Although the treble damages provision of § 1708.8 has not extensively interpreted, its language indicates that the decision to treble damages is a discretionary one. Using the statute's legislative history as a guide — which clarifies that it was enacted to provide "a real deterrent, in the form of monetary damages," against "aggressive and often dangerous paparazzi-like behavior" — the court does not believe that the trebling of damages are appropriate here.
Finally, Plaintiffs seek an award of attorney's fees and costs as "prevailing employees" under California's Private Attorney General Act ("PAGA"), California Labor Code § 2699(g). Plaintiffs argue for such an award because their Motion for Judgment on the Pleadings was granted as to the cause of action under Labor Code § 435(a) against Meyer. Upon closer inspection, however, the court finds that judgment against Meyer on the § 435(a) claim is improper. Thus, for the reasons explained below, Plaintiffs are not entitled to an award of fees and costs under PAGA.

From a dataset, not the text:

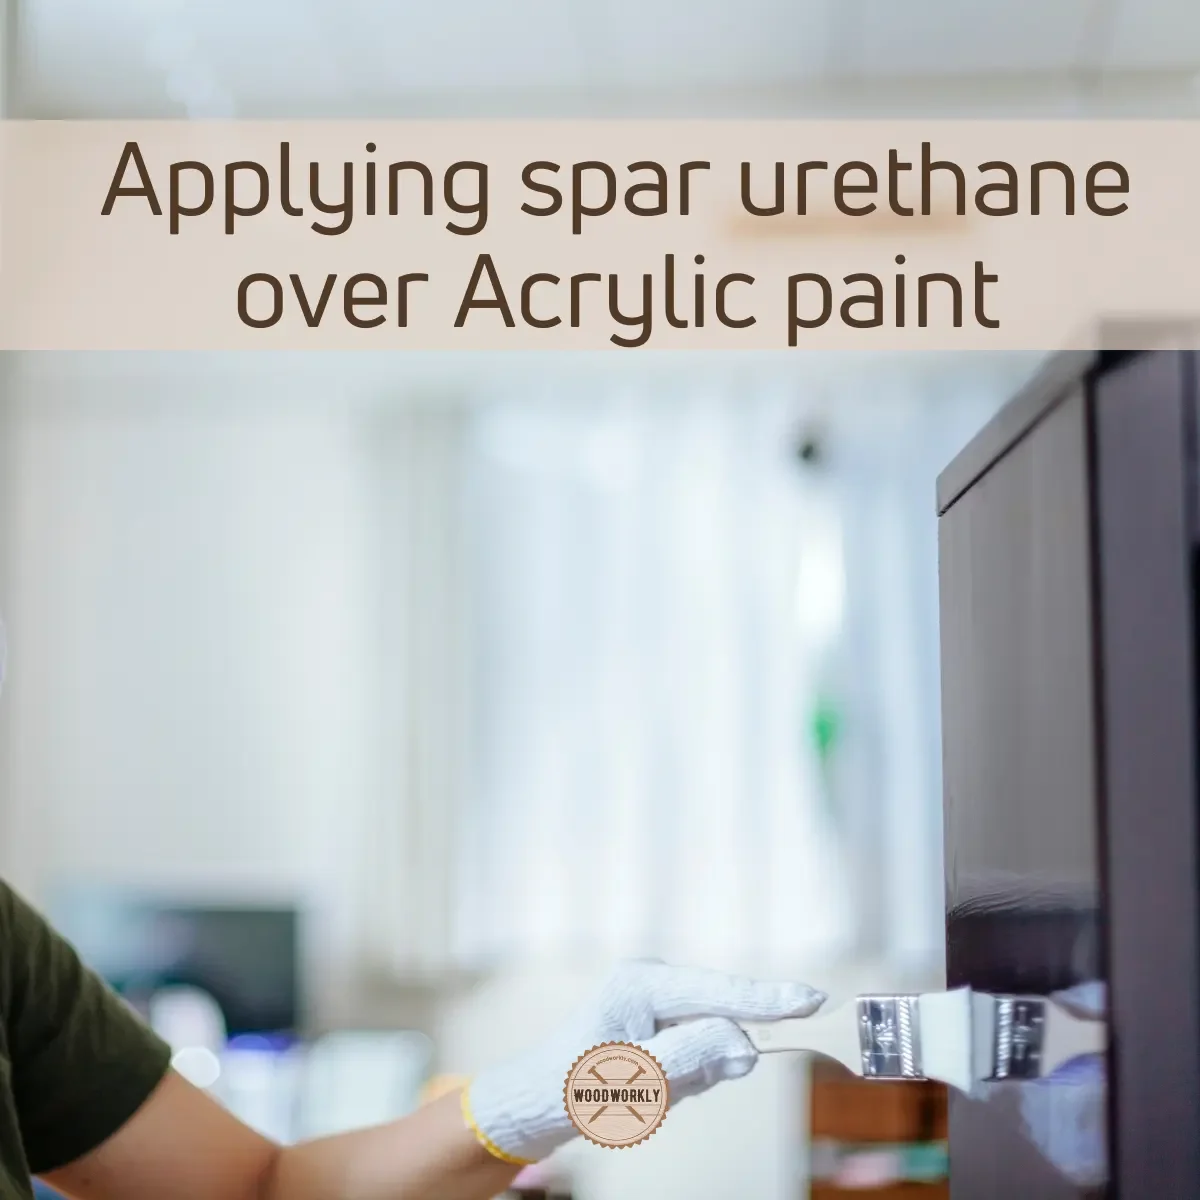 Applying spar urethane over Acrylic paint

Looking at Labor Code § 435(a), that statute imposes liability on employers for causing "an audio or video recording to be made of an employee in a restroom, locker room, or room designated by an employer for changing clothes, unless authorized by court order." Cal. Lab. Code § 435(a) (emphasis added). Thus, as § 435(a) plainly requires, Meyer must have been Plaintiffs' "employer" in order to be found liable for his conduct under that particular statute. But while the statute's language may seem explicit, determining who may actually qualify as an "employer" in this context is not a simple matter. Indeed, a definition of the word as it is used in § 435(a) cannot be gleaned from either the statute or from the Labor Code generally. Moreover, § 435(a) has not been subjected to interpretation by state or federal courts. As a result, the use of "employer" as a predicate to liability creates an ambiguity. At odds are two possible definitions: a common law understanding of "employer," which would exclude supervisors like Meyer, and a more expansive construction, which Plaintiffs believe should be applied here.
As with any statute, § 435(a) must be interpreted "to determine the Legislature's intent so as to effectuate the law's purpose."
The relevant legislative history is not particularly revealing. What it shows can be inferred from the existence of the statute itself; that § 435 was enacted to clarify "privacy rights in the workplace for both employers and employees" since court decisions had "left a definite gray area in regards to employee surveillance."
Perhaps more revealing is what this legislative history does not show. There is no indication from this history that the Legislature meant to expand the common law definition of "employer" to impose individual liability on supervisors and managers. In that regard, § 435 is distinct from other sections of the Labor Code addressing the payment of wages, such as § 1194, which the California Supreme Court found "unmistakably" included the expanded definition of "employer" promulgated by the Industrial Welfare Commission.
Thus, in the absence of a clear and unequivocal indication from the Legislature to suggest otherwise, the court construes § 435(a) in light of the common law. Doing so excludes Meyer from liability under that statute.
Based on the foregoing, Plaintiffs' Motion for a Determination of Damages (Docket Item No. 69) is GRANTED IN PART and DENIED IN PART.
Damages are awarded to Plaintiffs as follows:
The request for interest on the damages award at a rate of 7% per annum since August 8, 2011, is GRANTED. The request to treble damages pursuant to Civil Code § 1708.8(d) is DENIED. The request for attorneys fees and costs pursuant to Labor Code § 2699(g) or Civil Procedure Code § 1021.5 is also DENIED.
The order entered on September 9, 2013, which granted Plaintiffs' Motion for Judgment on the Pleadings (Docket Item No. 68) is modified such that it is DENIED as to the claim under Labor Code § 435(a), but GRANTED as to all other claims.